A policy change directed at construction funding on newly formed, project-financed pipelines, which showed up for the first time in FERC’s certificate order for Gulfstream Natural Gas System, “constitutes flawed policy and lacks reasoned decision-making,” the pipeline said (see NGI, Feb. 26).

In a petition for rehearing filed last Monday, Gulfstream said the move to require it to use its post-construction, overall rate of return as its rate for the allowance for funds used during construction (AFUDC) failed to recognize the additional risks in a new construction project that are not borne by an operating pipeline.

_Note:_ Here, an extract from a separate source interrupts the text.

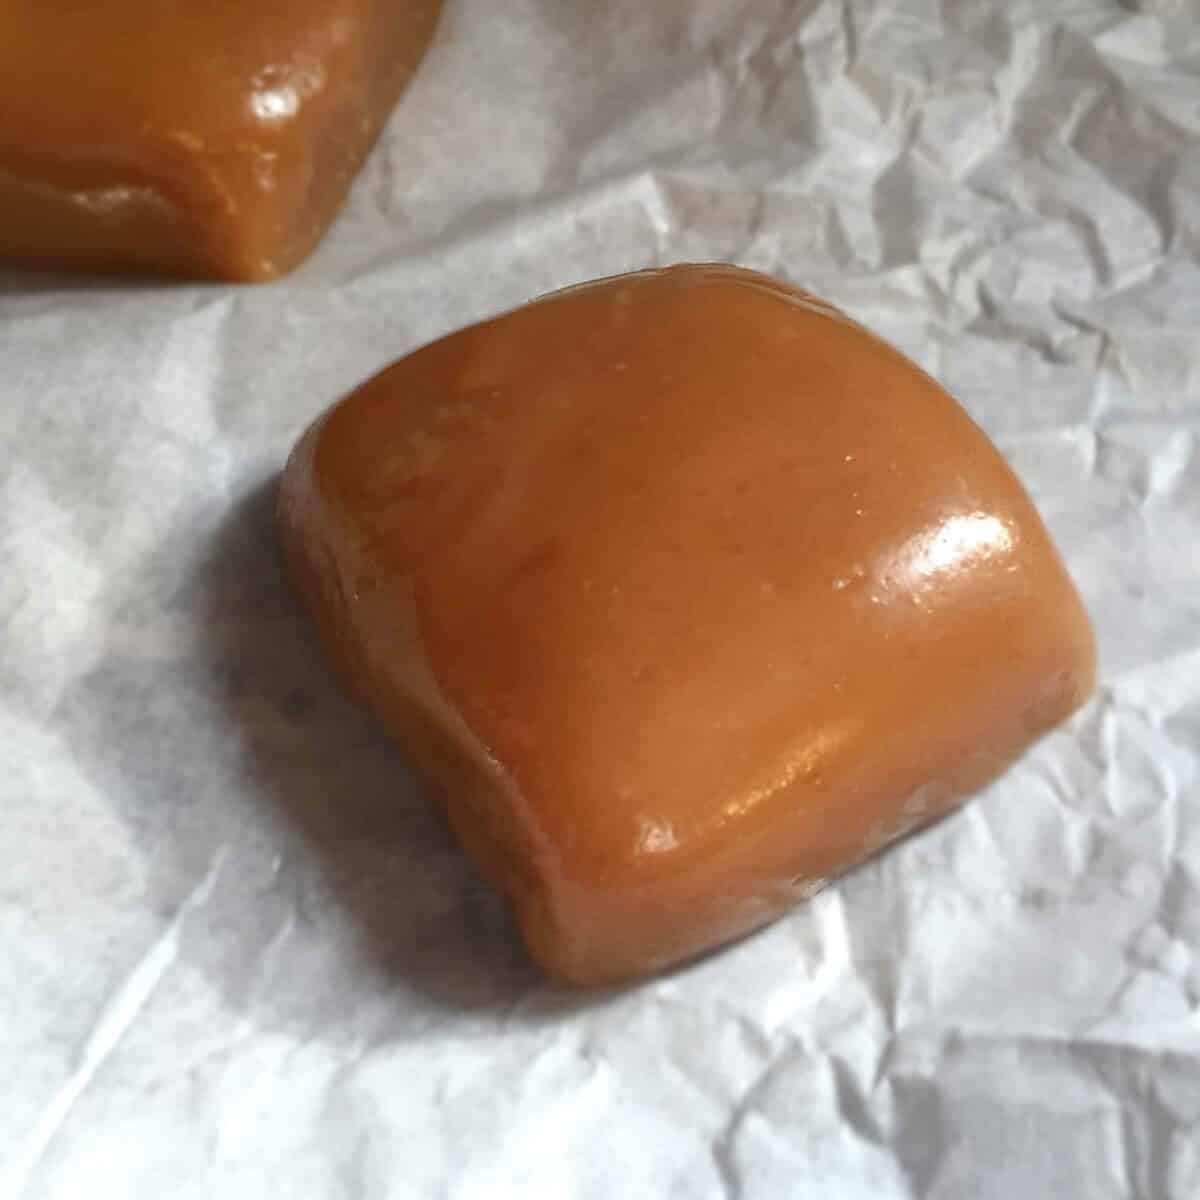  A batch of homemade vegan caramels: the ultimate gift idea

The Interstate Natural Gas Association of America (INGAA) filed its own rehearing request, agreeing that FERC’s “decision to change its policy from requiring newly formed, project-financed pipelines to use the project financing approach for calculating AFUDC in favor of a post in-service analysis constitutes flawed policy.”

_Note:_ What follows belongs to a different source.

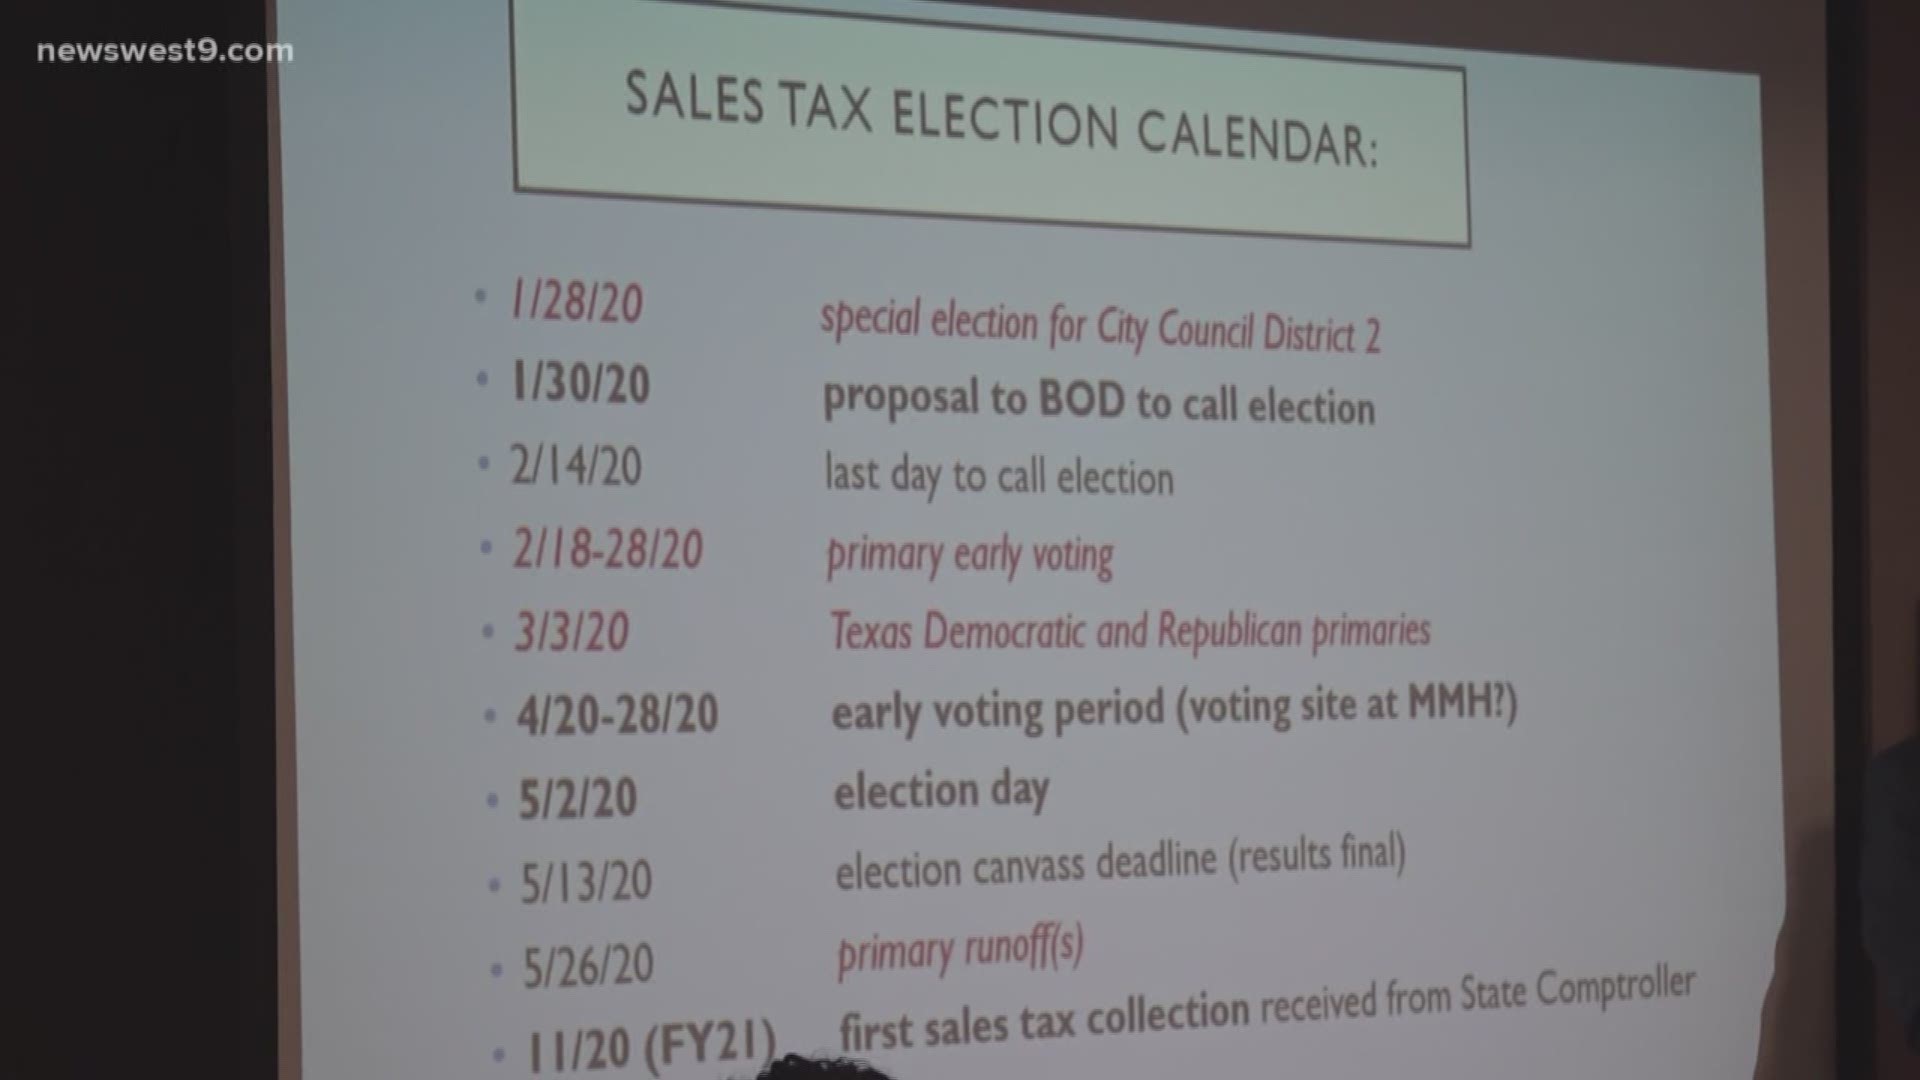 The MCHD has called for a May sales tax election to increase sales tax by .25%.

Further, the order (CP00-6-000) authorizing the $1.7 billion, 744-mile pipeline running from Alabama through the Gulf of Mexico to Florida “sends a signal that discourages, rather than encourages, major new pipeline projects.” INGAA said FERC gave no reason for the policy change, which directly contradicts recent statements regarding “the critical need for new pipeline capacity, including orders issued to streamline the certificate application process and to implement other policies and practices that encourage and facilitate new pipeline construction.”